* Problem *
Please reproduce all of the listing below exactly and drop its images.

* Supplied information *
-------
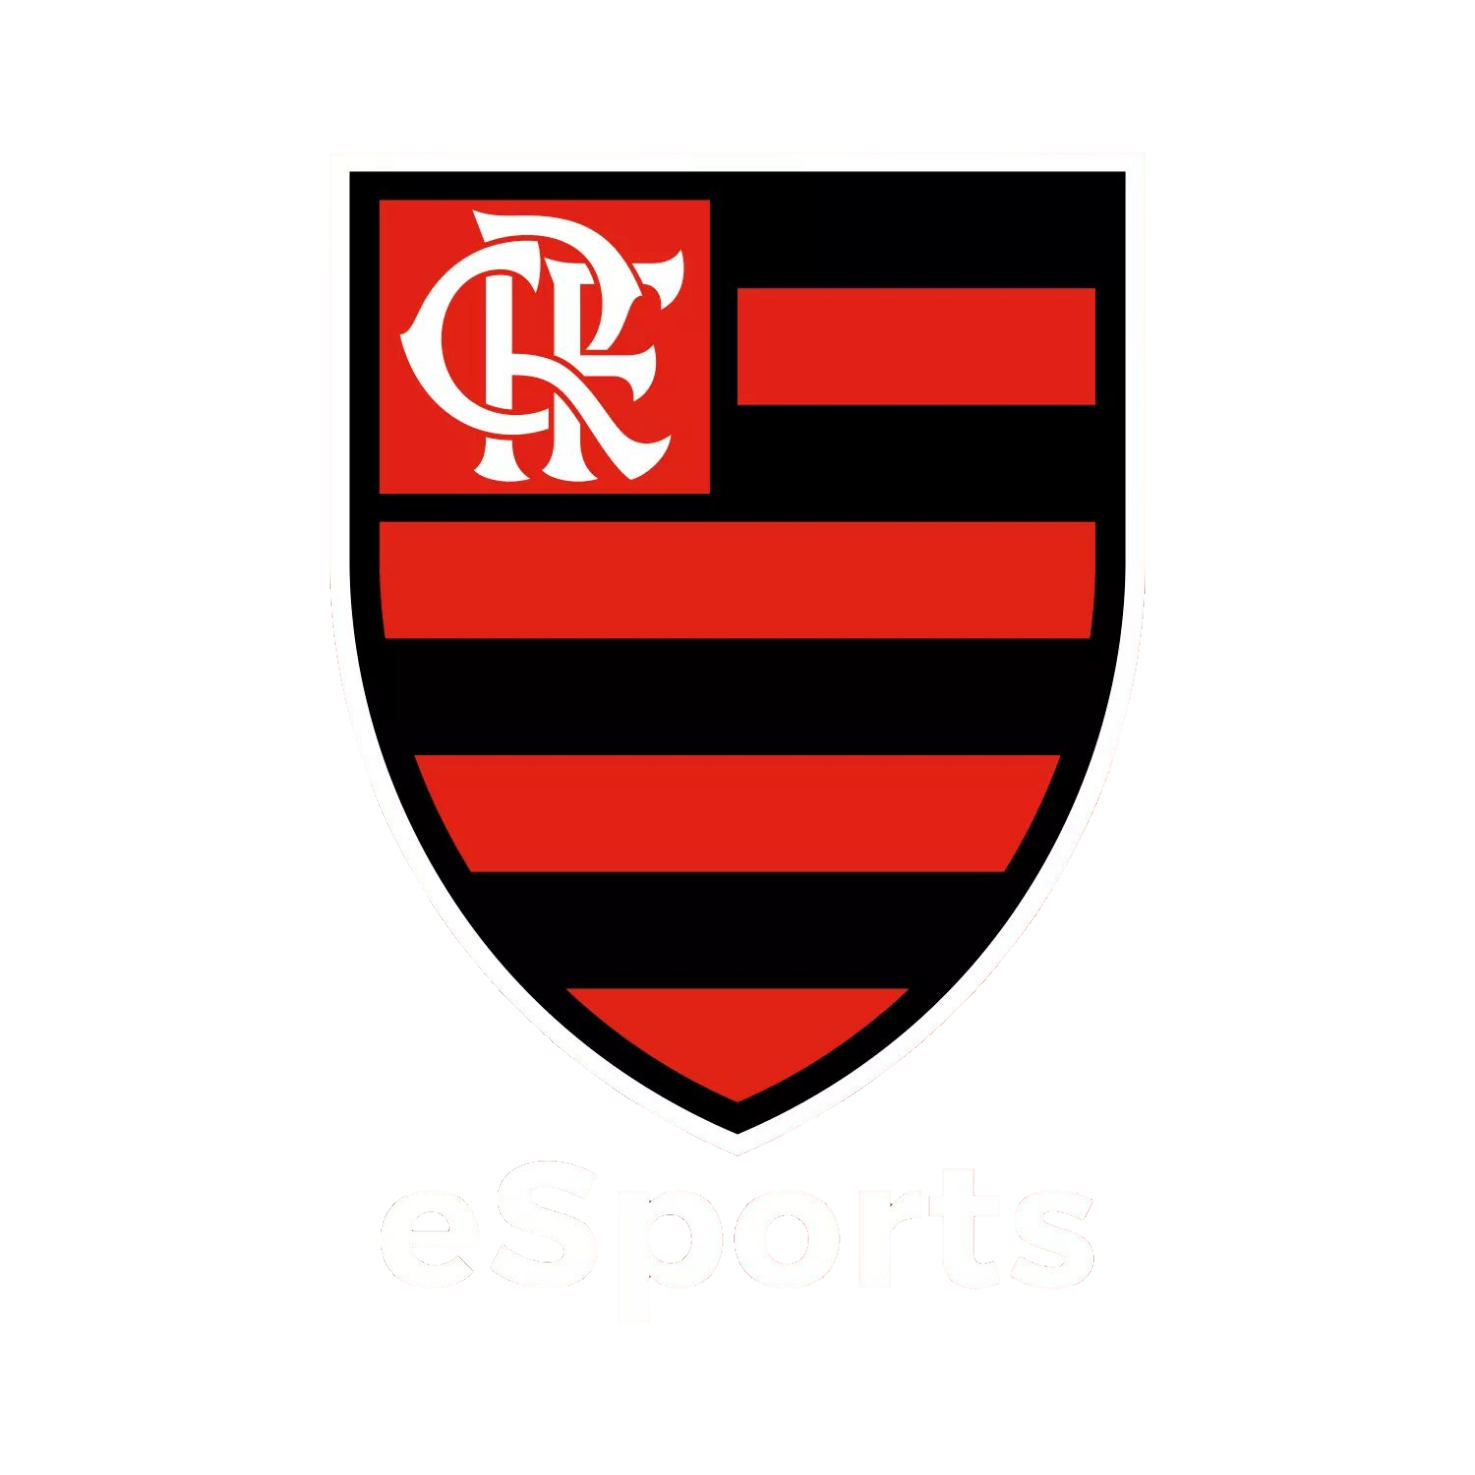 Team Flamengo Esports logo
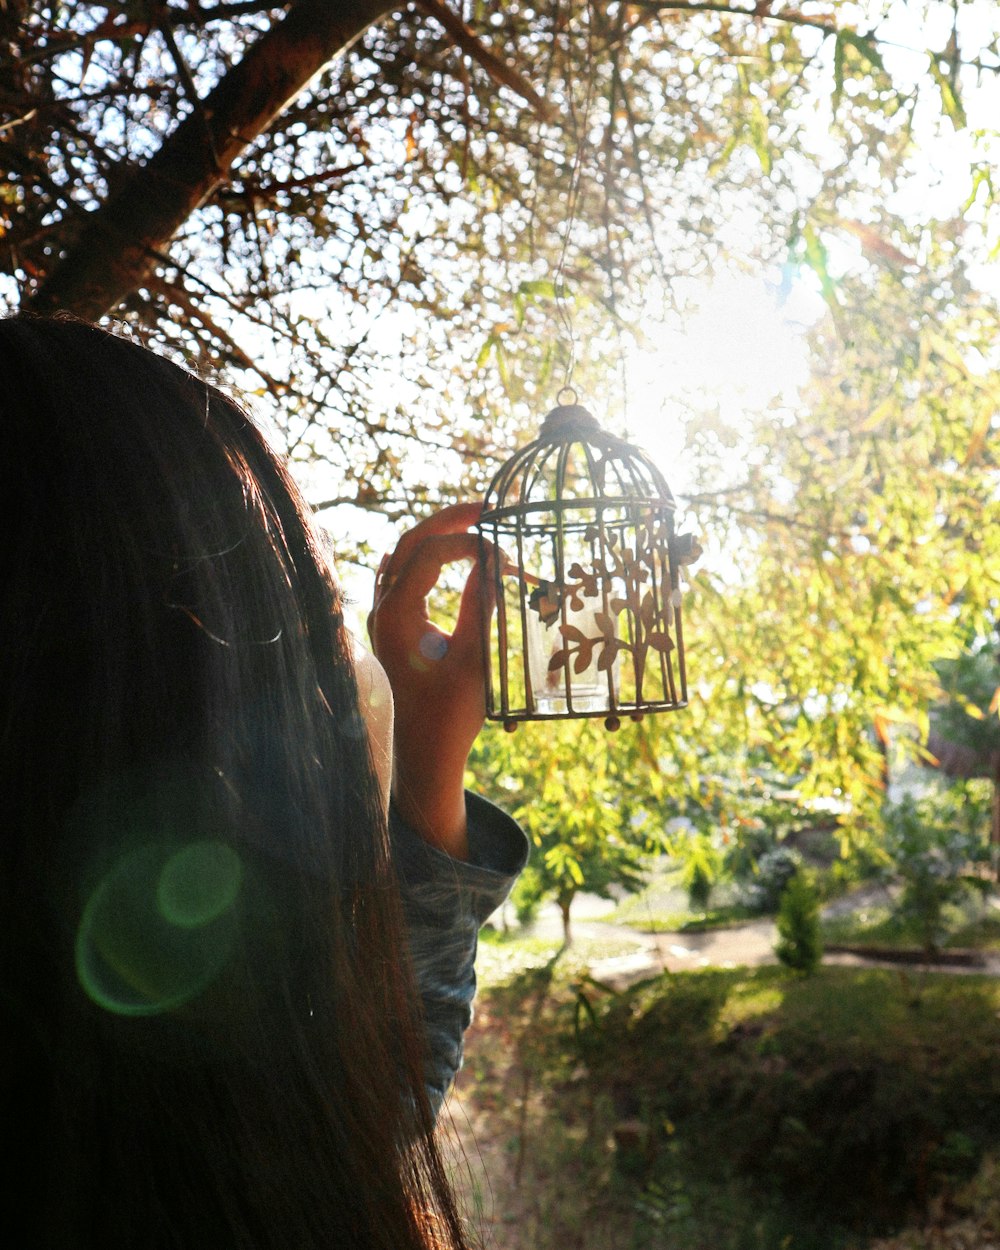 a person holding a bird feeder
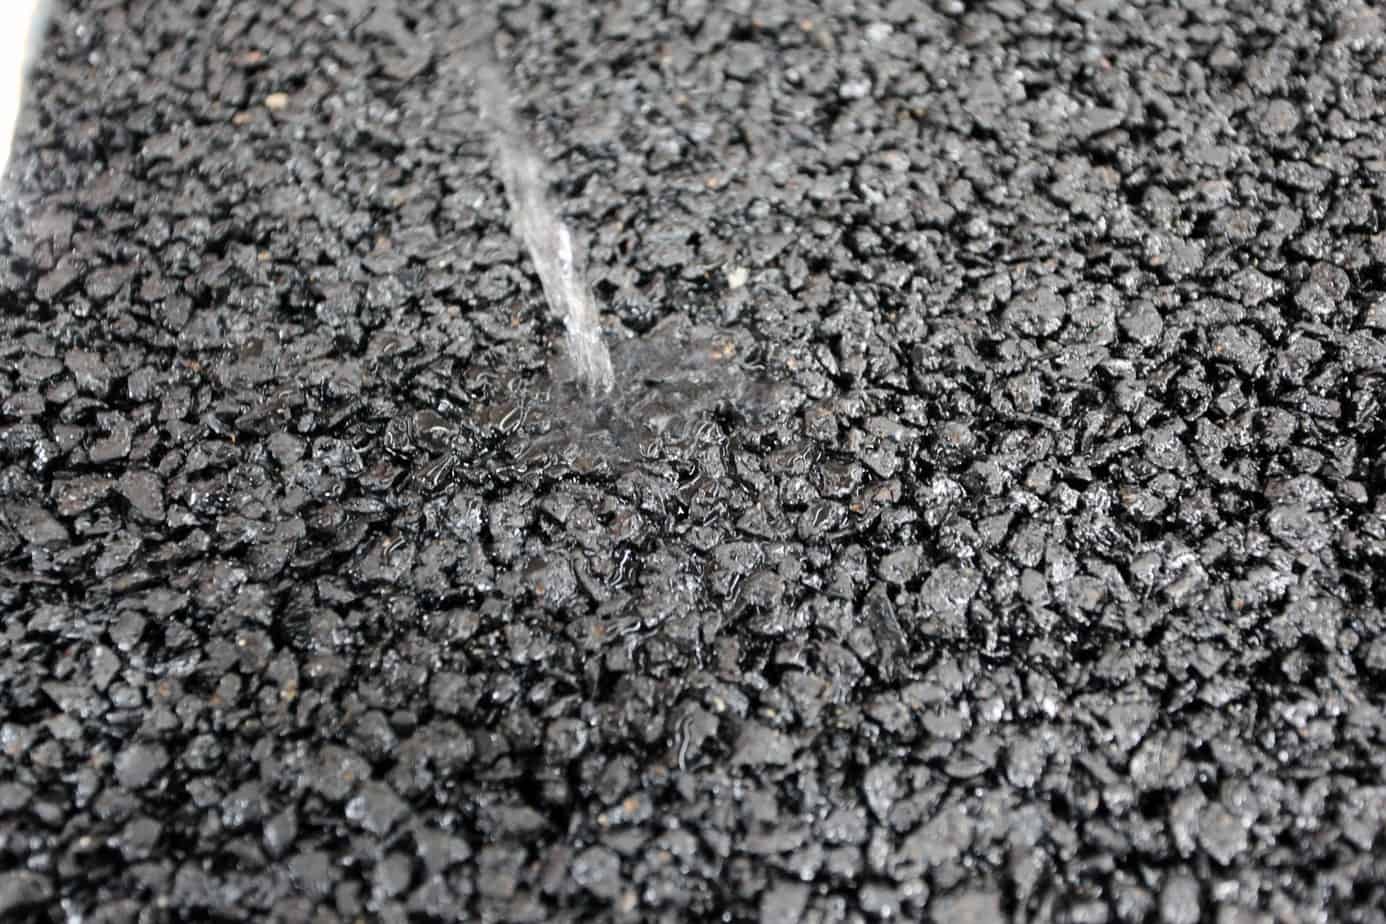 L’aggiunta di polverino di gomma da PFU al bitume per asfalti, oltre a consentire un’apprezzabile riduzione del rumore da traffico, consente di drenare meglio l’acqua, aumentando la sicurezza per gli utenti e prevenendo la comparsa di danni stagionali come crepe e fessurazioni
-------
* Finished task *
 Team Flamengo Esports logo
 a person holding a bird feeder
 L’aggiunta di polverino di gomma da PFU al bitume per asfalti, oltre a consentire un’apprezzabile riduzione del rumore da traffico, consente di drenare meglio l’acqua, aumentando la sicurezza per gli utenti e prevenendo la comparsa di danni stagionali come crepe e fessurazioni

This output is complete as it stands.